Predictive distribution of poisson

[SirEllwood]

1. The distribution of flaws along the length of an artificial fibre follows a Poisson
process, and the number of flaws in a length L is Po(L[tex]\theta[/tex] ). Very little is known about [tex]\theta[/tex]. The number of flaws in five fibres of lengths 10, 15, 25, 30 and 40 metres were found to be 3, 2, 7, 6, 10 respectively. Find the predictive distribution for the number of flaws in another piece of length 60 metres.

Attempt: Well I think i need to find the maximum likelihood estimator first? which is:

l(L[tex]\theta[/tex]) = [tex]\prod[/tex] Po(n_i, L_iL[tex]\theta[/tex])

But i get a little bit confused when doing this, as i am taking the product of the 5 terms because L changes every time.

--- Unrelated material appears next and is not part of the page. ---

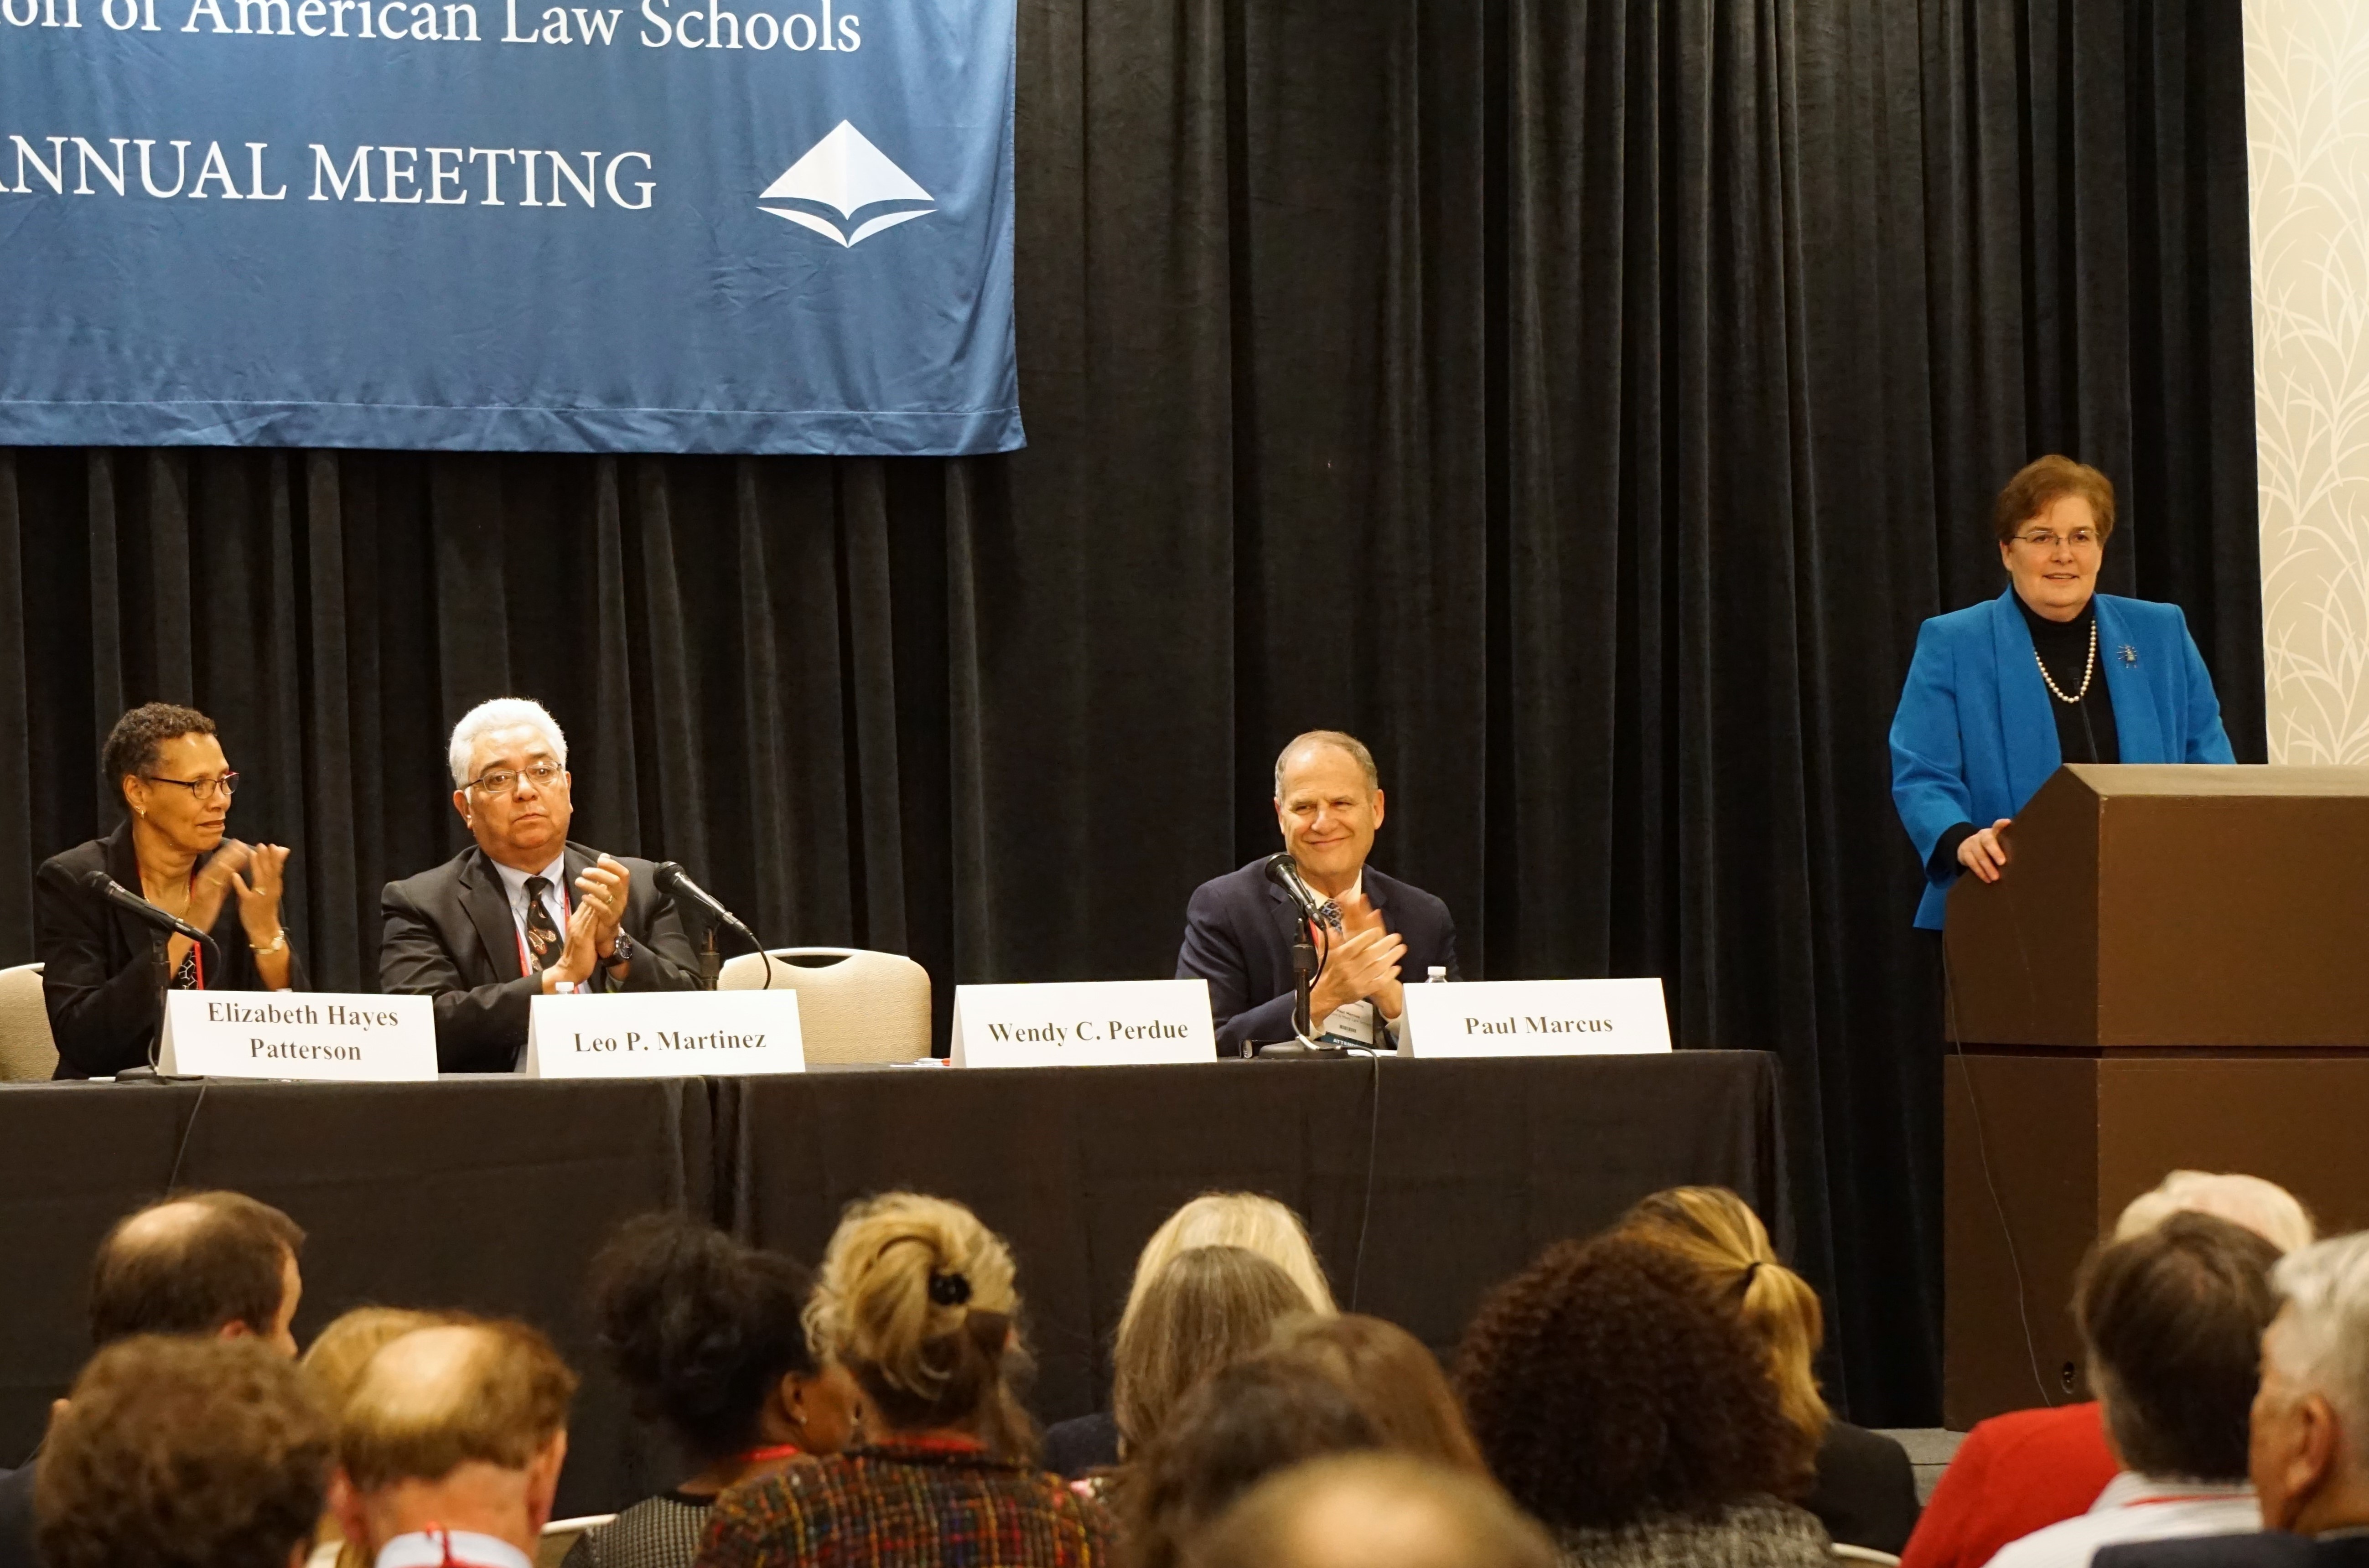 2018 AALS President Wendy Perdue, Dean, University of Richmond School of Law, gave her first address as president at the Second Meeting of the AALS House of Representatives on the theme for AALS 2019, “Building Bridges.”

So am i right in thinking that i would multiply them together so the exponential term would be exp{-120}

Then i get confused with the next term, because i am used to working with an L value that would not change because L has 1 value. So now i have:

(10)^3 * (15)^2... etc

Have i gone about this right?

 

[lippyka]

And if so, how do i continue?Answer:Yes, you have gone about this correctly. To find the maximum likelihood estimator, you need to take the product of the Poisson distributions for each of the lengths, L. The formula for the maximum likelihood estimator is given by:l(L\theta) = \prod_{i=1}^n Po(ni, Li*L\theta)where n is the number of lengths, and Li is the length of the ith fibre. For your example, you would have:l(L\theta) = Po(3, 10*L\theta)*Po(2, 15*L\theta)*Po(7, 25*L\theta)*Po(6, 30*L\theta)*Po(10, 40*L\theta)To find the maximum likelihood estimator, you need to take the partial derivative of l(L\theta) with respect to L\theta and set it equal to 0. You can then solve for L\theta to find the maximum likelihood estimator. Once you have found the maximum likelihood estimator for L\theta, you can use it to find the predictive distribution for the number of flaws in a piece of length 60 metres. The predictive distribution is given by the Poisson distribution with mean L\theta*60.